A major study backed by the US and Australian governments has made a revolutionary breakthrough – they have managed to unboil an ordinary egg.

And while that may sound like a monumental waste of time and money, the results actually have huge implications for cancer treatments, biotechnology and a broad range of food production processes.

“Yes, we have invented a way to unboil a hen egg,” said Gregory Weiss, the lead research author and professor of chemistry and molecular biology and biochemistry at the University of California Irvine.

The discovery is significant because a hard-boiled egg white represents proteins that have been cooked, tangled up and – so we thought – irreversibly changed.

Yet by adding a urea substance to break down the cooked egg and then applying a high-powered machine called a “vortex fluid device”, scientists were able to force the proteins apart into their untangled, reusable form.

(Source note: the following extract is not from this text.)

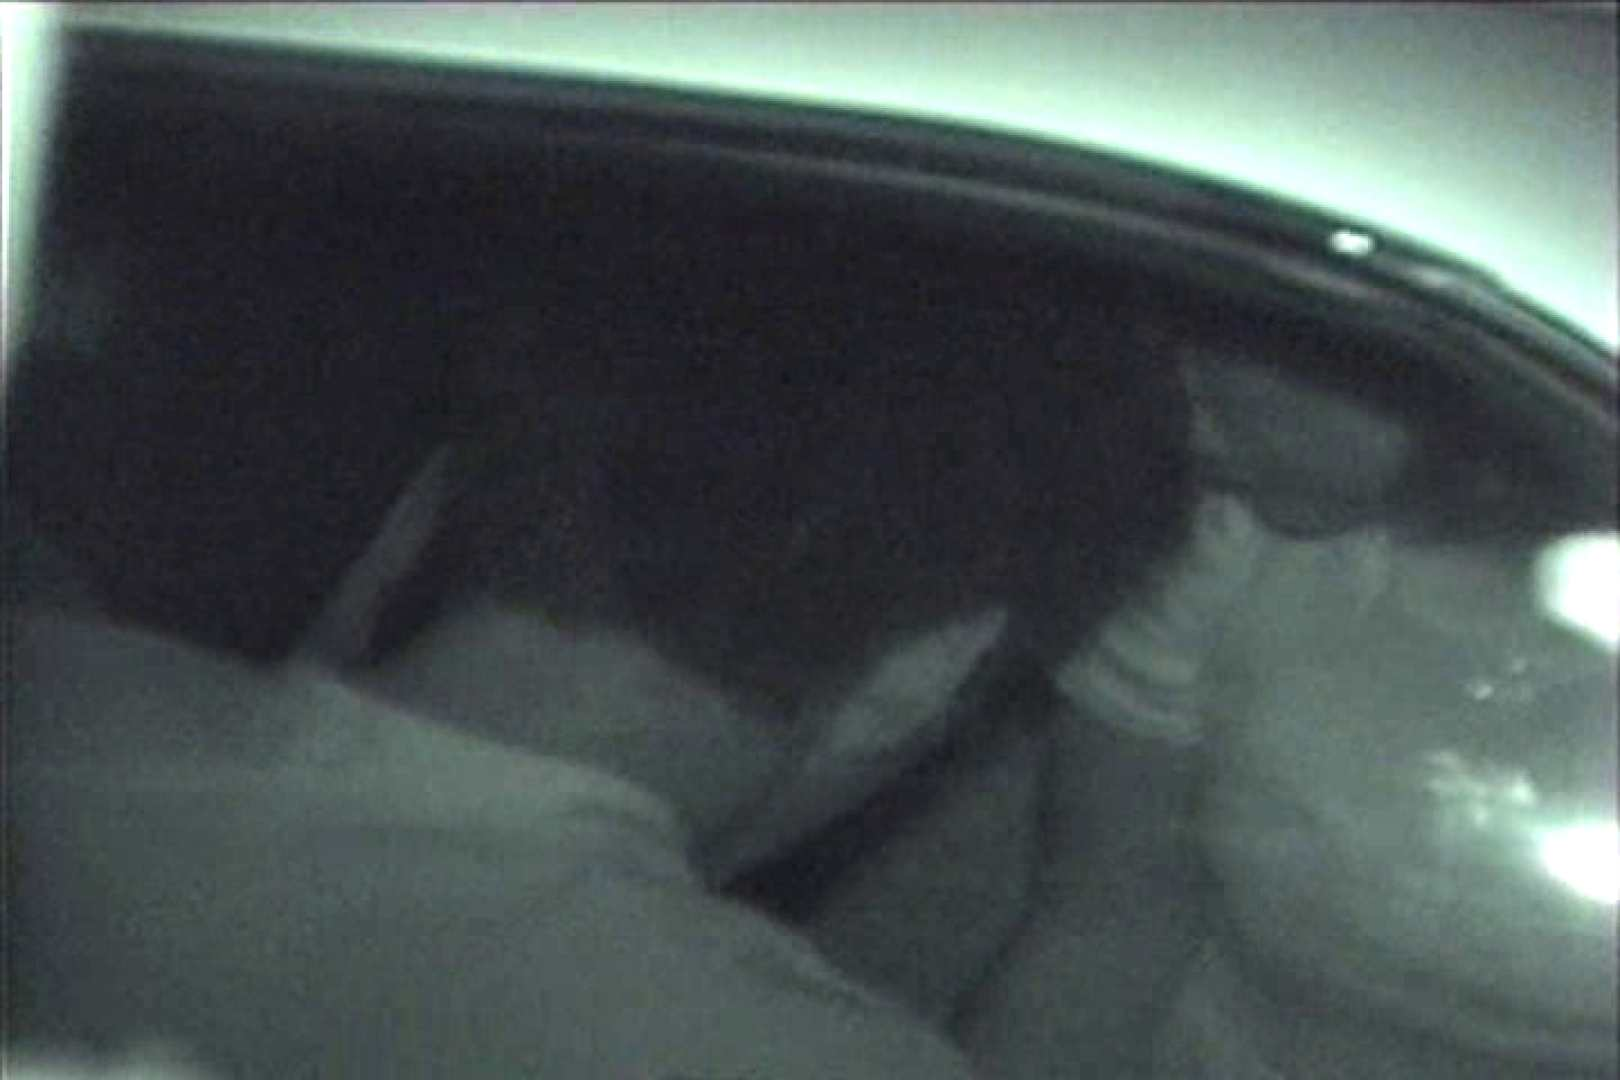 車の中はラブホテル 無修正版  Vol.16 望遠 われめAV動画紹介 96枚

“It’s not so much that we’re interested in processing the eggs; that’s just demonstrating how powerful this process is,” Weiss said. “The real problem is there are lots of cases of gummy proteins that you spend way too much time scraping off your test tubes, and you want some means of recovering that material.”

Having an effective and quick method for reusing wasted proteins could revolutionise a vast range of scientific and manufacturing processes.

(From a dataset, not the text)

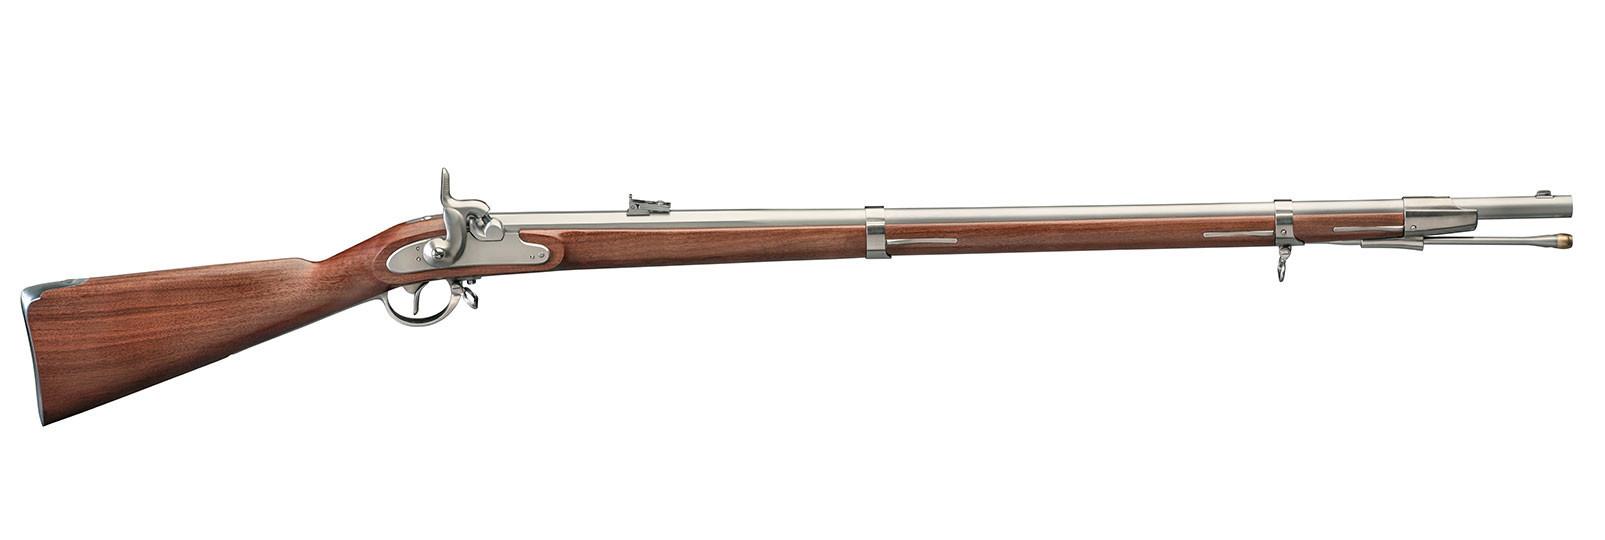 Lorenz infantry rifle type ii 13,9 mm

Cancer antibody creation, for instance, is carried out using expensive hamster ovary cells because they only rarely waste proteins. Doing away with this could ultimately make cancer research and treatments cheaper.

The team’s research was funded by the National Institute of General Medical Sciences in the US and the Australian Research Council, and published last week in the journal ChemBioChem.

The researchers wrote: “This method… could transform industrial and research production of proteins.”